As a practical guide for writers, Wilderment offers frameworks for the kinds of stories, literary strategies, and creative endeavors that may be particularly powerful in these times, examples of environmentally-engaged writers and works that dance beautifully in wilderment, and guidance for thinking beyond the page and into new communities and contexts. Unique among other writing guides and volumes on environmental literature or climate storytelling, this book also dedicates a chapter specifically to the subject of activism, both informing readers of current conversations and controversies around the term “activist” and providing direction for how writers might strengthen their role as changemakers in their communities. Further, each of the book’s eight chapters incorporates a series of “Invitations,” prompts for reflection and writing that support deeper engagement with the concepts therein. Both probing and expansive, these exercises are designed to trigger the inner as well as the relational conditions from which transformational art and action grow. These Invitations should be equally relevant for individuals reading the book independently, small groups working through it collectively, and instructors using it in a classroom context.

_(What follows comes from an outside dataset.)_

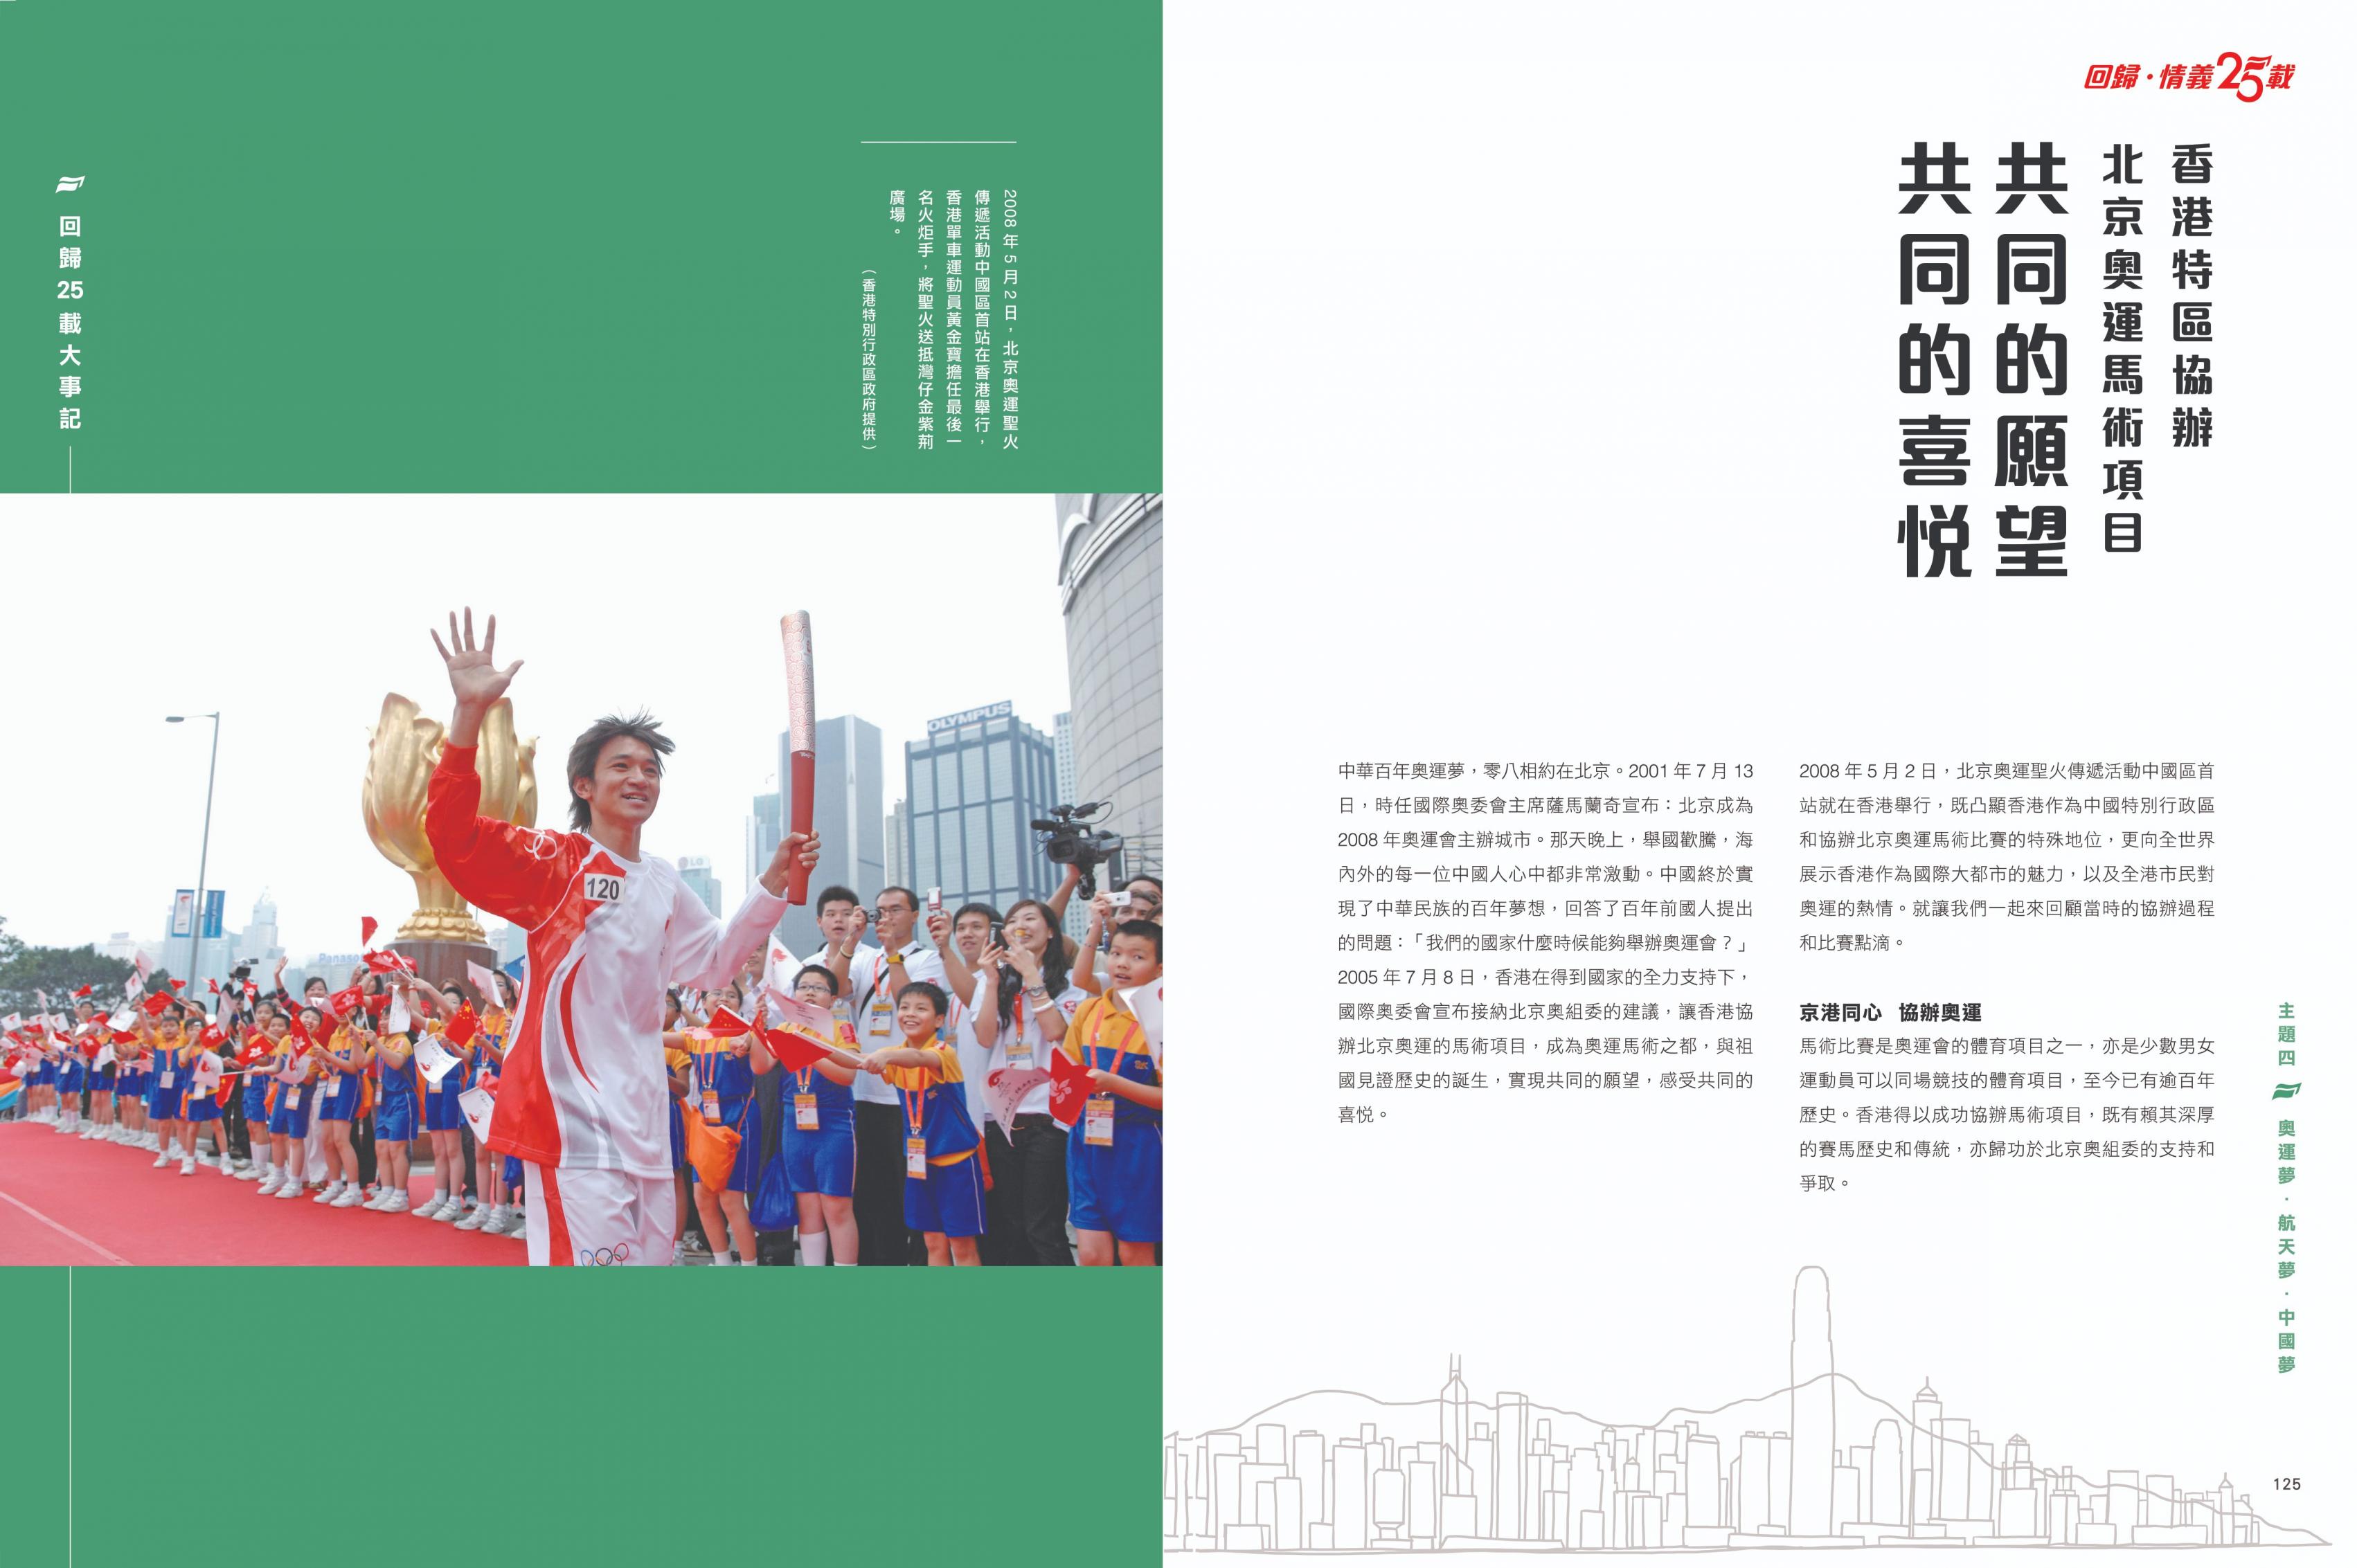 書中有記述2008年5月北京奧運聖火傳遞活動中國區首站在香港舉行的內容。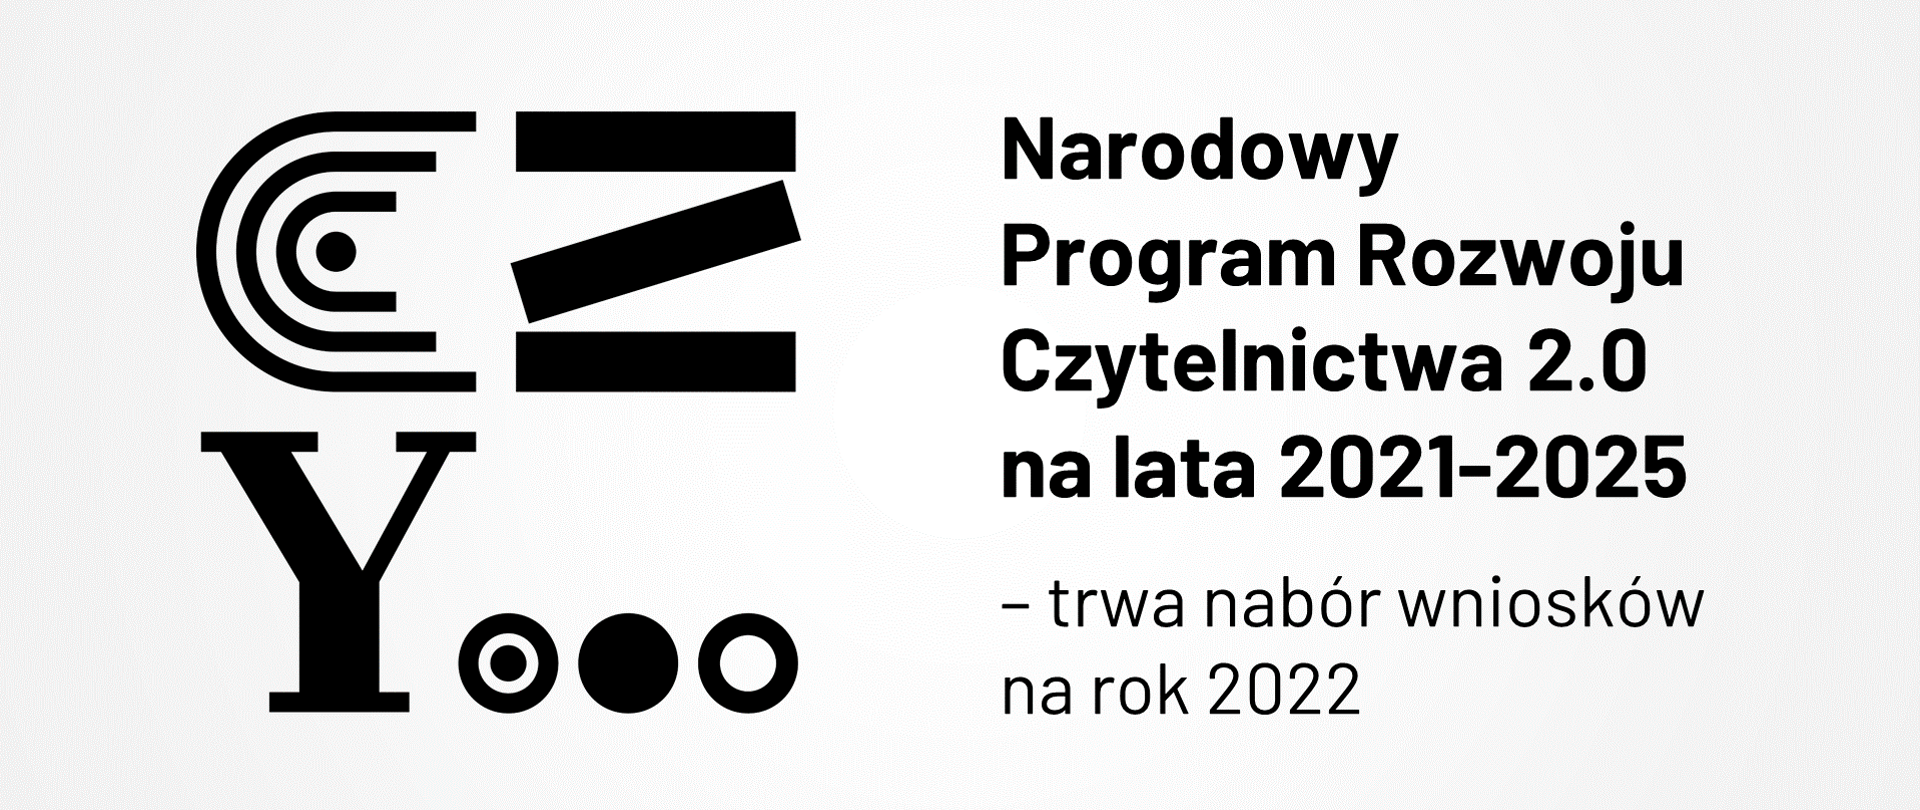 Logotyp Narodowego Programu Rozwoju Czytelnictwa 2.0. Lekko szare tło, czarne znaki: po lewej stronie literki C i Z, poniżej Y i wielokropek. Po prawej napis Narodowy Program Rozwoju Czytelnictwa 2.0 - trwa nabór wniosków na rok 2022

Finally, this book assumes the potency of art-as-cultural-intervention while also acknowledging that we can’t often predict what impact art or literature will have in the world. There will always be a large portion of mystery in the way that one’s writing comes to be what it is, as well as the impact it may have when it goes off into the world to marry itself to other’s minds and hearts. This book embraces that mystery while guiding readers into a deeper and more directed sense of purpose in this period of great challenge and opportunity.
With love, Sarah Rose
What an exciting project! I teach writing in an MFA program and am always piecing together short texts of this kind to offer students; I look forward to sharing your book with them.
Sarah Rose, How amazing that WVU Press is supporting your work, after WVU's knockdown last year of anything that hints at humanities/complexity. I'm so excited for you, but also worried for you. (Is this a sign of codependency? Ha. Or good instincts based on institutional double-speak?)
Re: speaking out against the current dismantling of democracy, in our area each week many people are meeting together, and the attendance is ever-greater, from my 1st meeting where 150 attended; to 253 the next week; to 350 the following week. We are now Mountaineers Indivisible and today we are giving Musk a pink slip in front of the Morgantown courthouse. I have found strength from being in the company of others who are furious about what is happening and can't stand to sit by. I hope this heartens you.
Meanwhile, at my farm I'm waiting for the kestrels to return. We've vented their nesting box and placed a temperature data logger inside.